- The film's theatrical release poster.
- Kanji: 劇場版「SERVAMP」-Alice in the Garden-
- Revised Hepburn: Gekijōban "Sāvanpu" -Alice in the Garden-
- Directed by: Hideaki Nakano
- Written by: Ayumu Hisao
- Based on: Servamp by Strike Tanaka
- Production company: Platinum Vision
- Release date: April 7, 2018 (Japan);
- Running time: 58 minutes
- Country: Japan
- Language: Japanese

= Servamp: Alice in the Garden =

Servamp: Alice in the Garden (劇場版「SERVAMP」-Alice in the Garden-, Gekijōban "Sāvanpu" -Alice in the Garden-) is a Japanese anime film based on the manga series Servamp by Strike Tanaka. The film is directed by Hideaki Nakano and animated by Platinum Vision. It premiered in Japan on April 7, 2018.

== Plot ==
After Tsubaki's disappearance, snow begins to fall even though it's in the middle of summer. Mahiru suspects that the falling snow is related to vampires. He confides to Misono, proposing they hold a meeting together with the rest of their Eves and Servamps. Misono declines as his father has forbid him to get out for the time being, but promises that he'll sneak out. During his attempt to sneak out through the back gate, Misono slightly remembers his memories, prompting Lily to immediately manipulate Misono's memories, making Misono not even remembering his phone call with Mahiru nor ever trying to sneak out.

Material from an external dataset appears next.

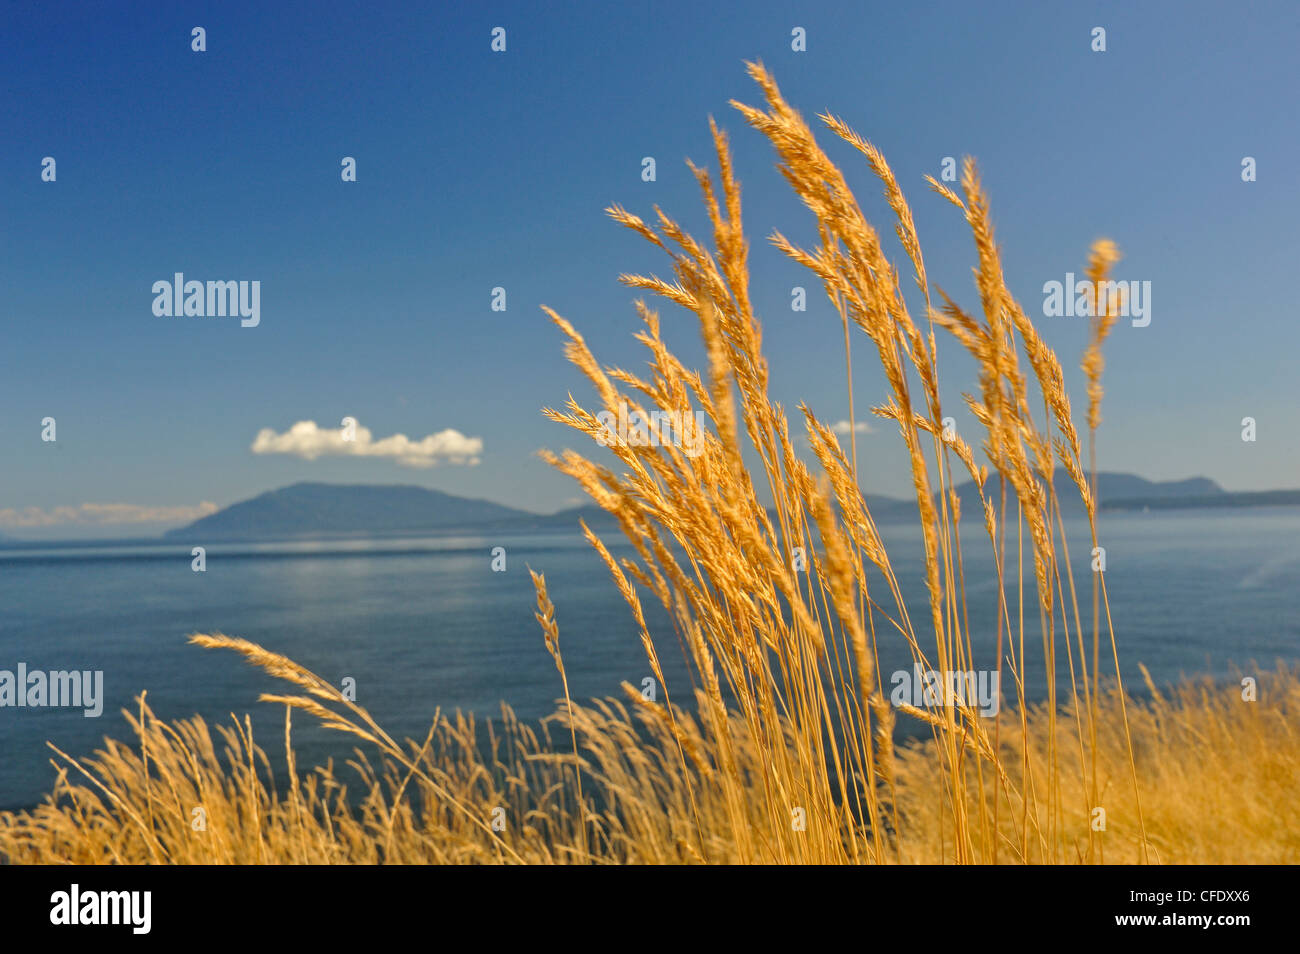 Idaho fescue (Festuca idahoensis) grass, East Point, Saturna Island, British Columbia, Canada Stock Photo

The next day, Mahiru, Kuro, and the others are gathering at Tetsu's hot spring inn. They are visited by Mikuni and Jeje, who reveals that the weather phenomenon is caused by the influence of Jinns, beings that comes out from a Servamp's body in a form of fine dust when their contract item is broken. In this case, the Jinns came out from Lawless' body when Tsubaki broke his contract item. Mikuni directs Mahiru and the others to his house, the Alicein Mansion, as something strange is happening there.

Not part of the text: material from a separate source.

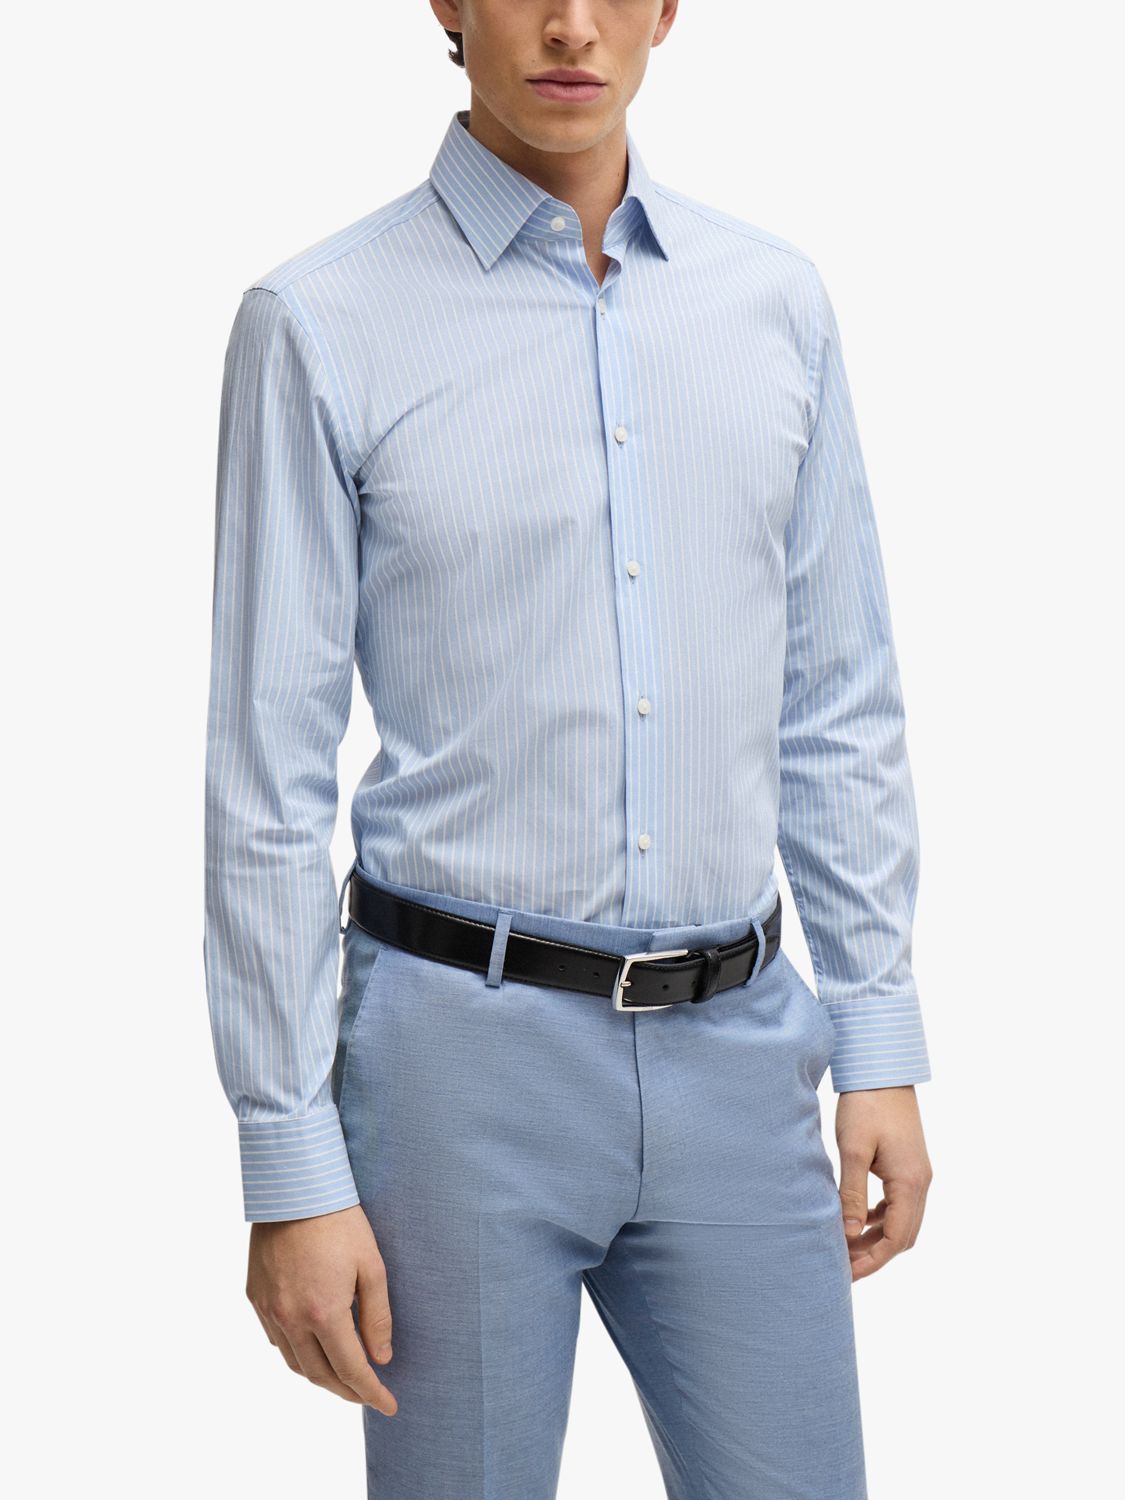 BOSS Hank Slim Fit Pinstripe Shirt, Pastel Blue/White, 15

Upon entering the house, they are welcomed by Misono and Mikuni's father, Mikado Alicein. When inquired about Mikuni, everyone in the house deny of ever knowing Mikuni, acting like he doesn't exist. Since Mahiru refuses to leave until they meet Misono, Mikado and the servants threatens them to leave by force. Mikado explains that he won't let Misono fight, believing that Misono doesn't have the resolve and power to do so. He then locks Mahiru and his friends inside a warehouse.

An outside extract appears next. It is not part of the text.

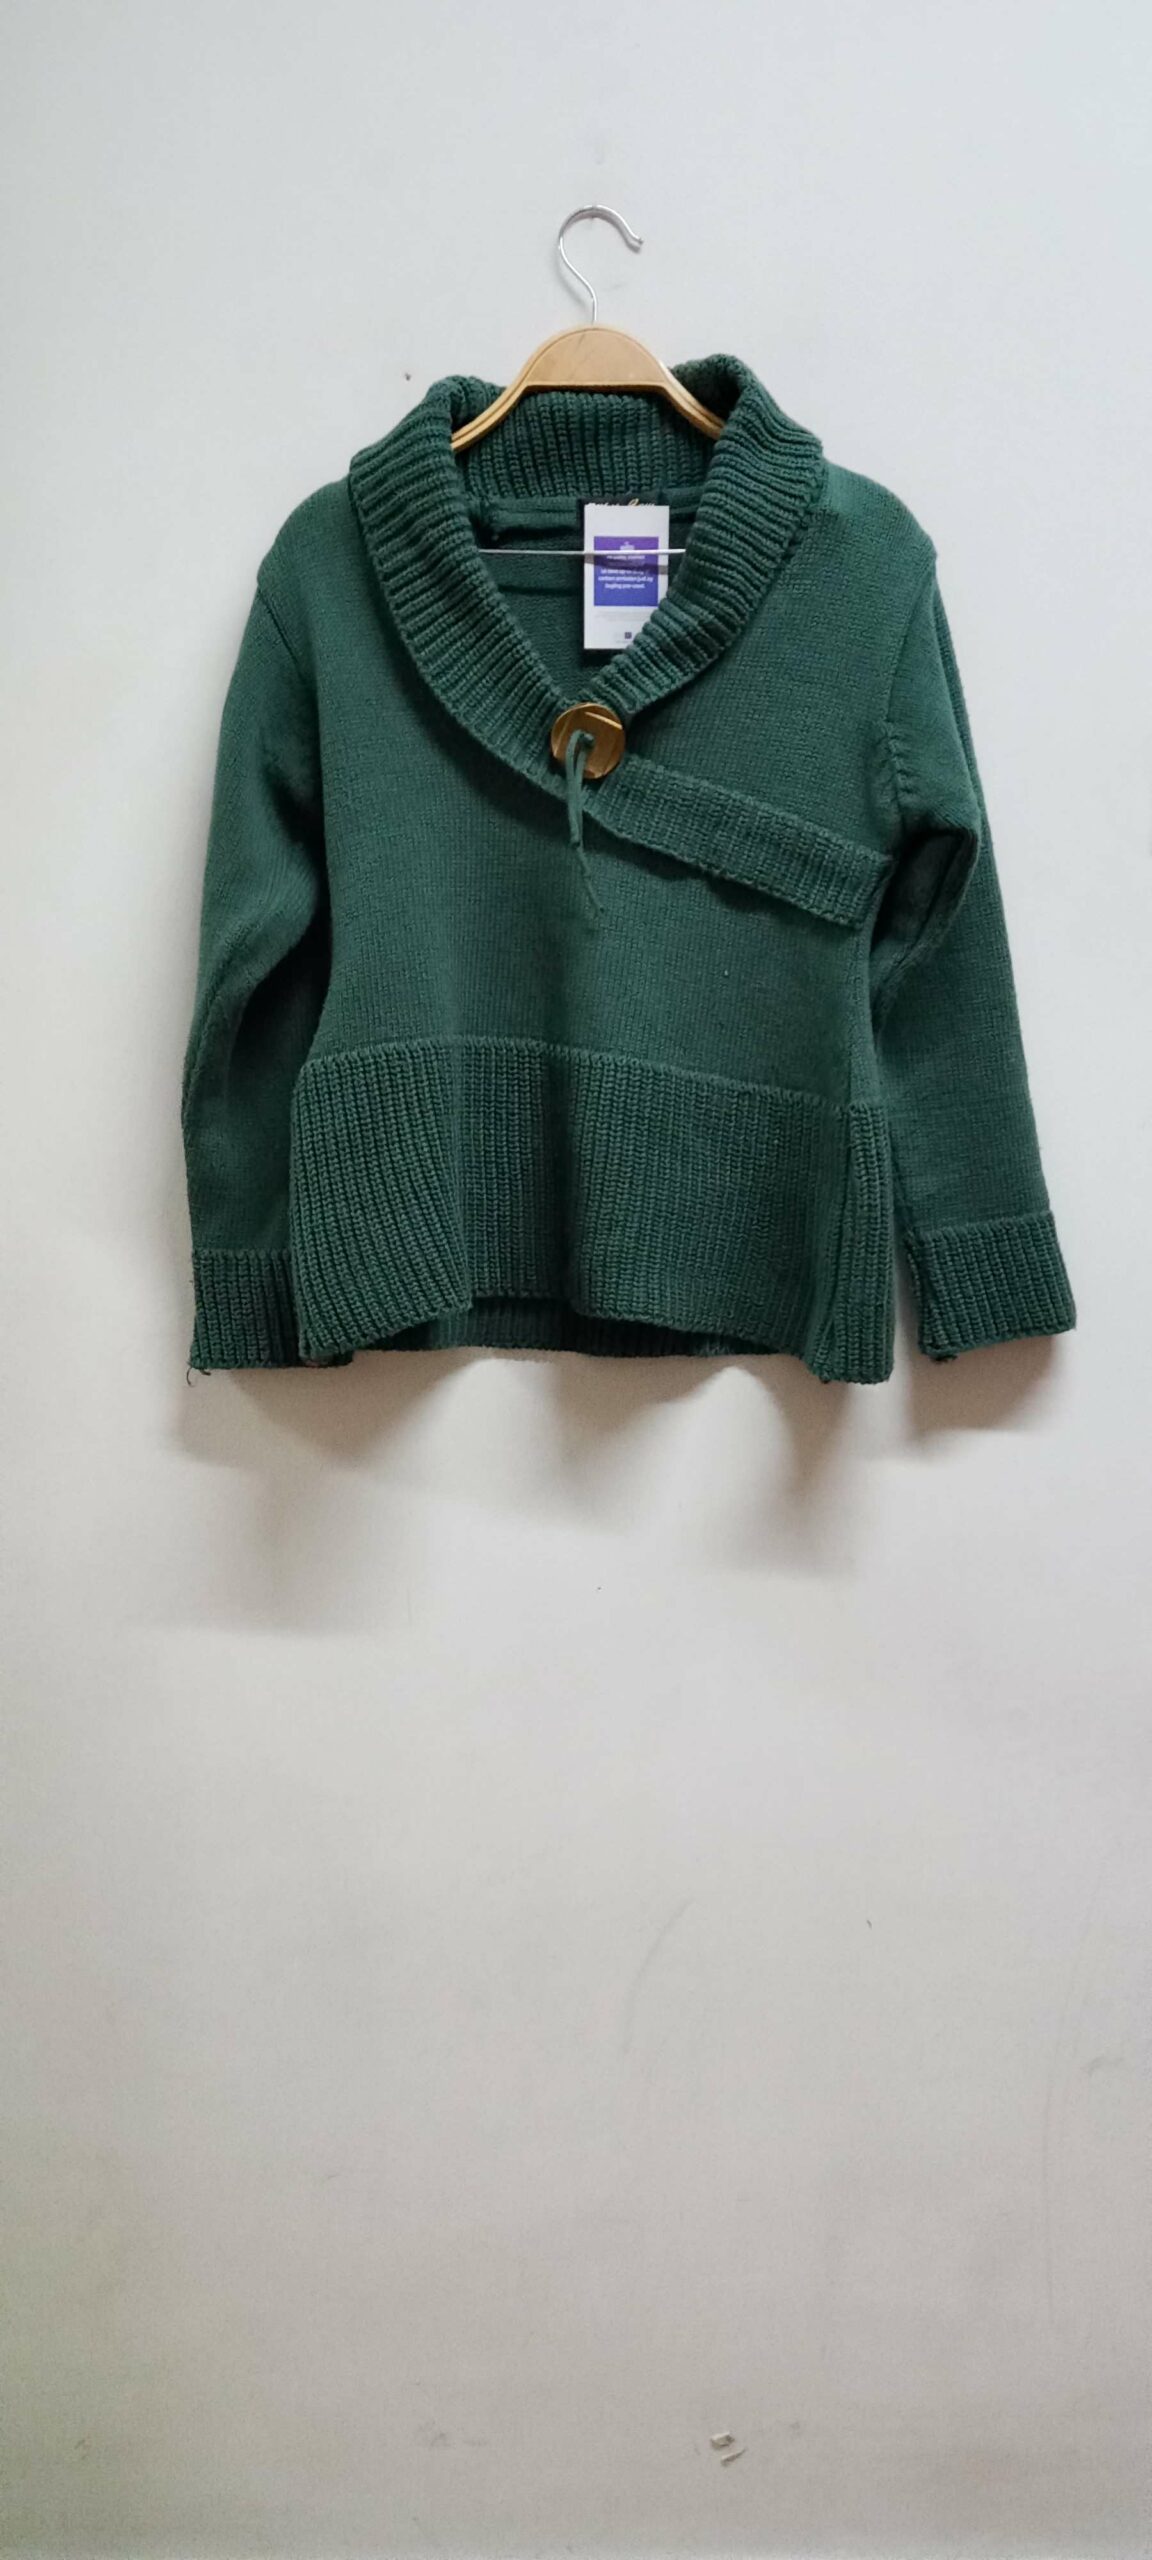 Fern Green Knitted Sweater

At night, Misono is lured into the dining room by a puppet that looks like Lily. Misono learns that Lily has manipulated his memories, causing Misono to become enraged and unable to trust him. The puppeteer, Tsubaki's subclass, Otogiri, turns out to be the one who lured Misono and attacks Lily. While the Alicein servants fight her, Lily tries to explain himself to Misono but Misono refused to listen, severing the bond between him and Lily allowing Otogiri to destroy Lily's contract item, causing a mass amount of Jinn to come out from Lily's body. At the same time, Mahiru and the others manage to get out from the warehouse.

Lily goes berserk and devours Misono into his body, followed by Mahiru, Kuro, Lawless, and Licht, while Tetsu and Hugh holds Lily's body to prevent him from destroying the mansion. Inside Lily's inner world, they are attacked by the manifestation of Mikuni and Jeje conjured by Lily to prevent them from discovering his secret. In other part of the inner world, Misono sees Lily's memories and discovers that Misono, is in fact, an illegitimate child born from his father's affair with a tutor who worked for the Alicein house years ago. When Misono was still a baby, Mikuni's mother killed his mother out of jealousy. She tried her best to raise and love Misono as her own son since he is innocent, but 7 years before the story she eventually succumbs to her lingering jealousy and tried to kill him. To protect Misono, Mikuni killed his own mother and left the Alicein house. The incident severely traumatised Misono, leading Lily to erase the memory of the murder and Mikado covered it as a case of burglary.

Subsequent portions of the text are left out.